Automatic identification of biological microorganisms using three-dimensional complex morphology

Seokwon Yeom; Bahram Javidi

doi:10.1117/1.2187017

1 March 2006 Automatic identification of biological microorganisms using three-dimensional complex morphology

Seokwon Yeom, Bahram Javidi

Author Affiliations +

Journal of Biomedical Optics, Vol. 11, Issue 2, 024017 (March 2006). https://doi.org/10.1117/1.2187017

Abstract

We propose automated identification of microorganisms using three-dimensional (3-D) complex morphology. This 3-D complex morphology pattern includes the complex amplitude (magnitude and phase) of computationally reconstructed holographic images at arbitrary depths. Microscope-based single-exposure on-line (SEOL) digital holography records and reconstructs holographic images of the biological microorganisms. The 3-D automatic recognition is processed by segmentation, feature extraction by Gabor-based wavelets, automatic feature vector selection by graph matching, training rules, and a decision process.

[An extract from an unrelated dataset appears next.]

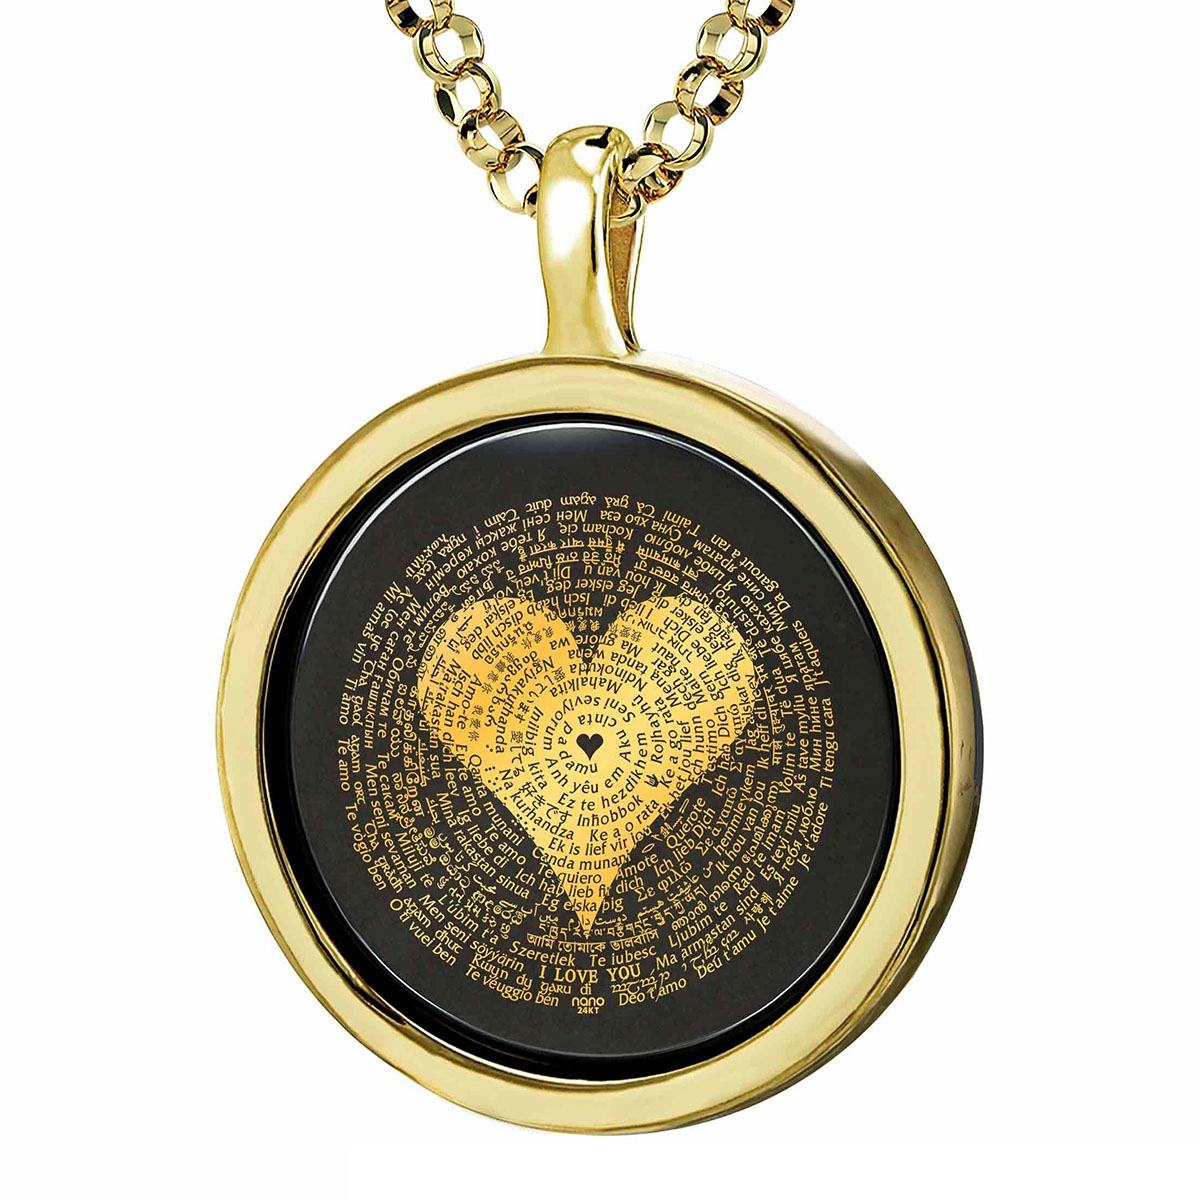 "I Love You" In 120 Languages With Heart Design: Onyx Stone Micro-Inscribed With 24K Gold - 1
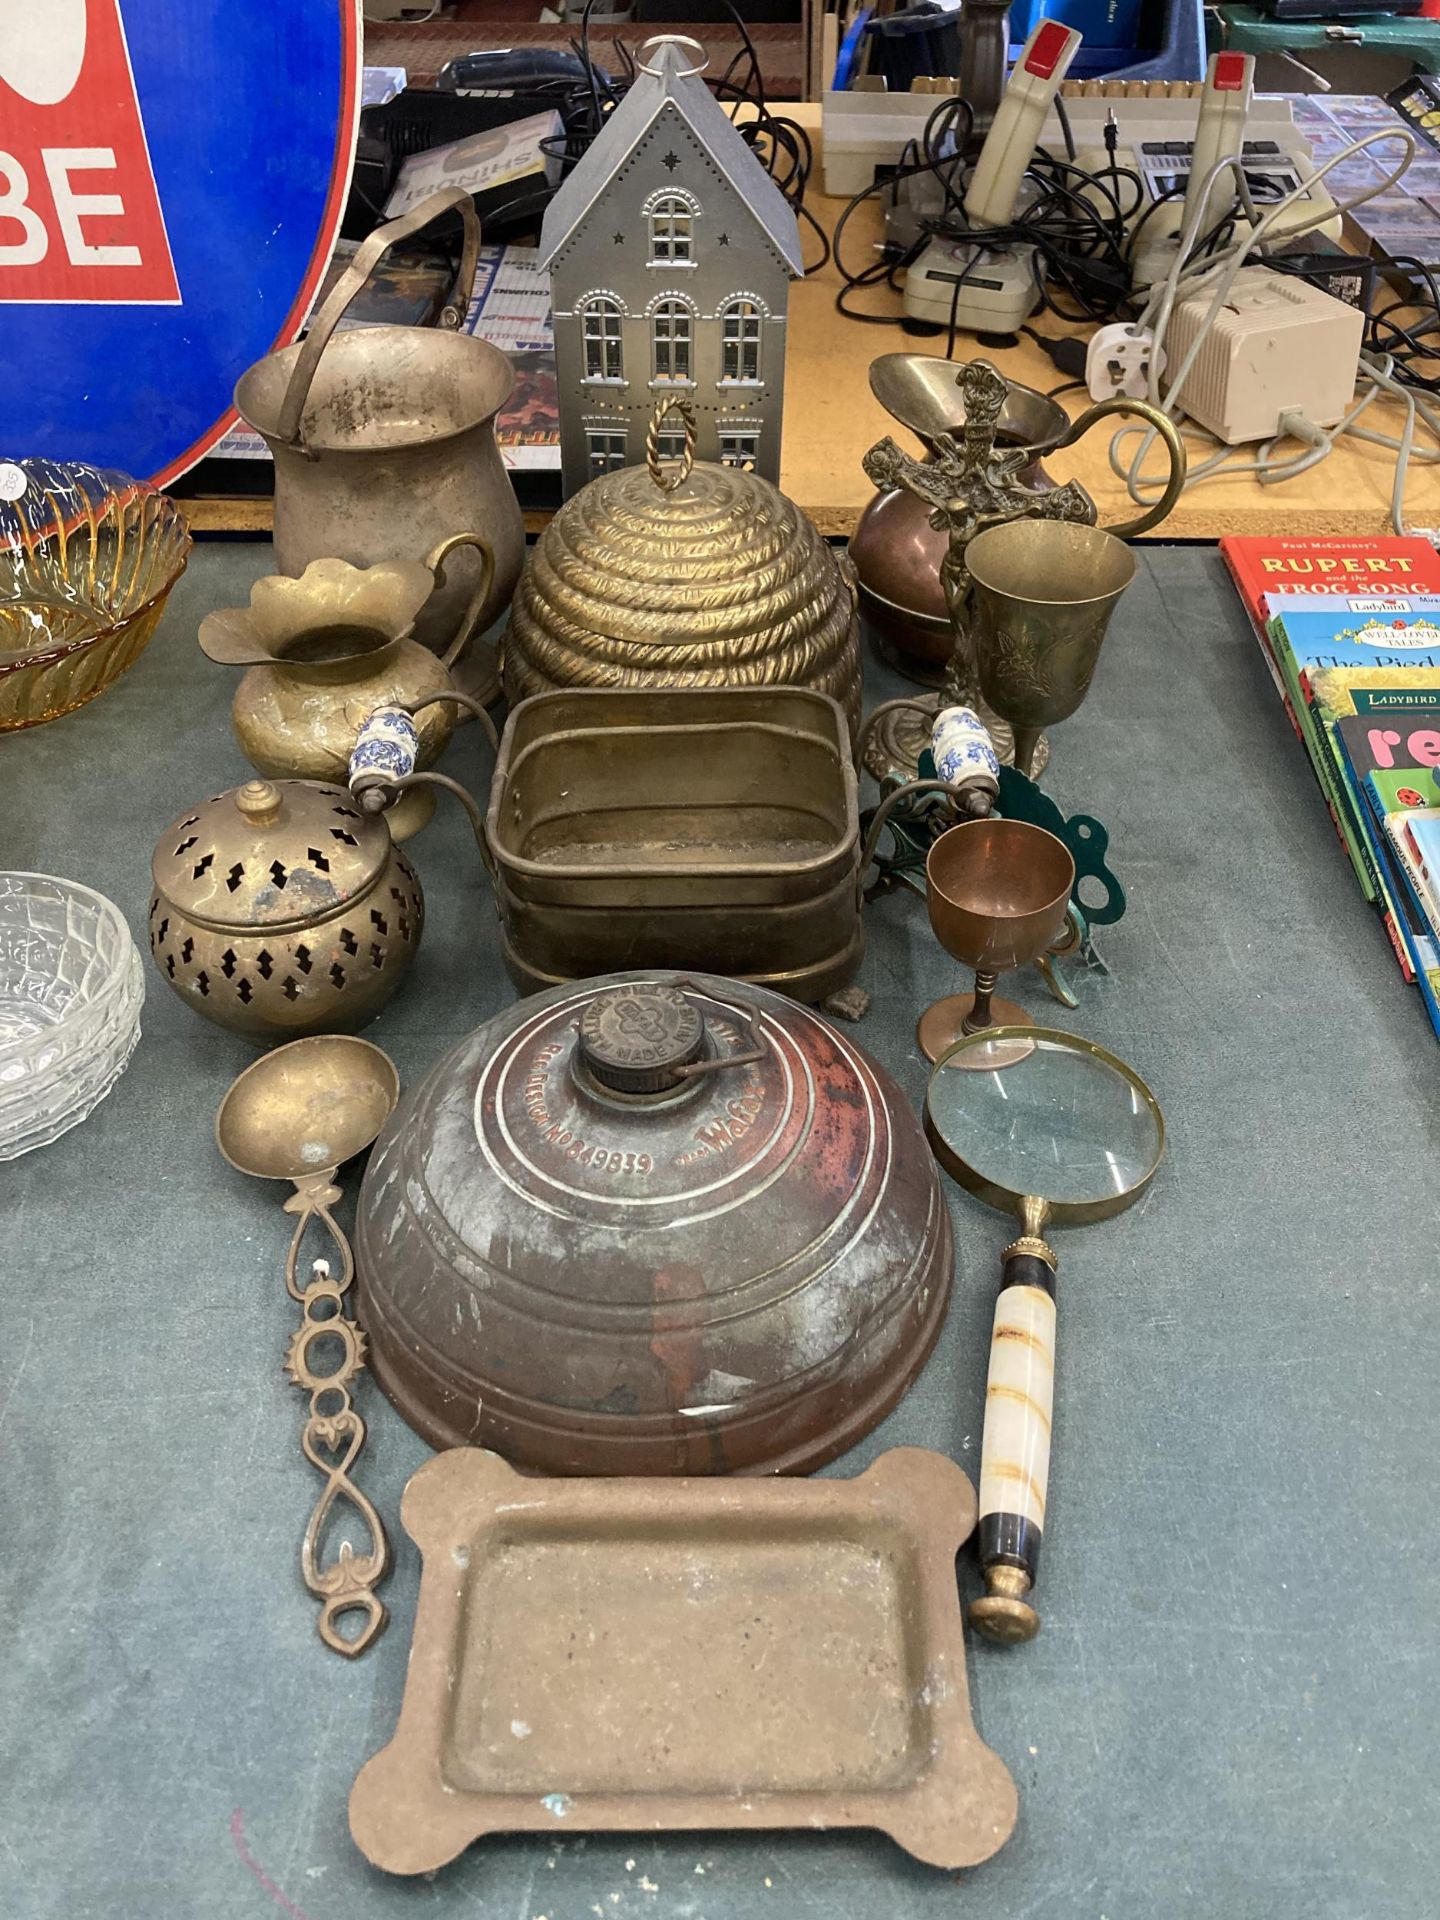 A MIXED LOT OF VINTAGE BRASS AND FURTHER ITEMS, WARMER, JUG, HOUSE MODEL ETC

Graph matching combined with Gabor feature vectors measures the similarity of complex geometrical shapes between a reference microorganism and unknown biological samples. Automatic selection of the training data is proposed to achieve a fully automatic recognition system. Preliminary experimental results are presented for 3-D image recognition of Sphacelaria alga and Tribonema aequale alga.

1. Introduction

Three-dimensional (3-D) as well as two-dimensional (2-D) optical and image processing techniques have been investigated to identify specific objects in unknown scenes. ^{1, 2, 3, 4, 5, 6, 7, 8, 9, 10, 11, 12, 13} Automatic and real-time identification of microorganisms has vast potential for various applications such as detection of biological weapons and harmful diseases, diagnosis of diseases, investigation of food safety, and ecological monitoring. There are conventional methods to identify microorganisms; however, the conventional techniques require time-consuming culturing and biochemical analysis with special skills. Therefore, automated and real-time recognition of microorganisms using 3-D optoelectronic imaging and can be beneficial.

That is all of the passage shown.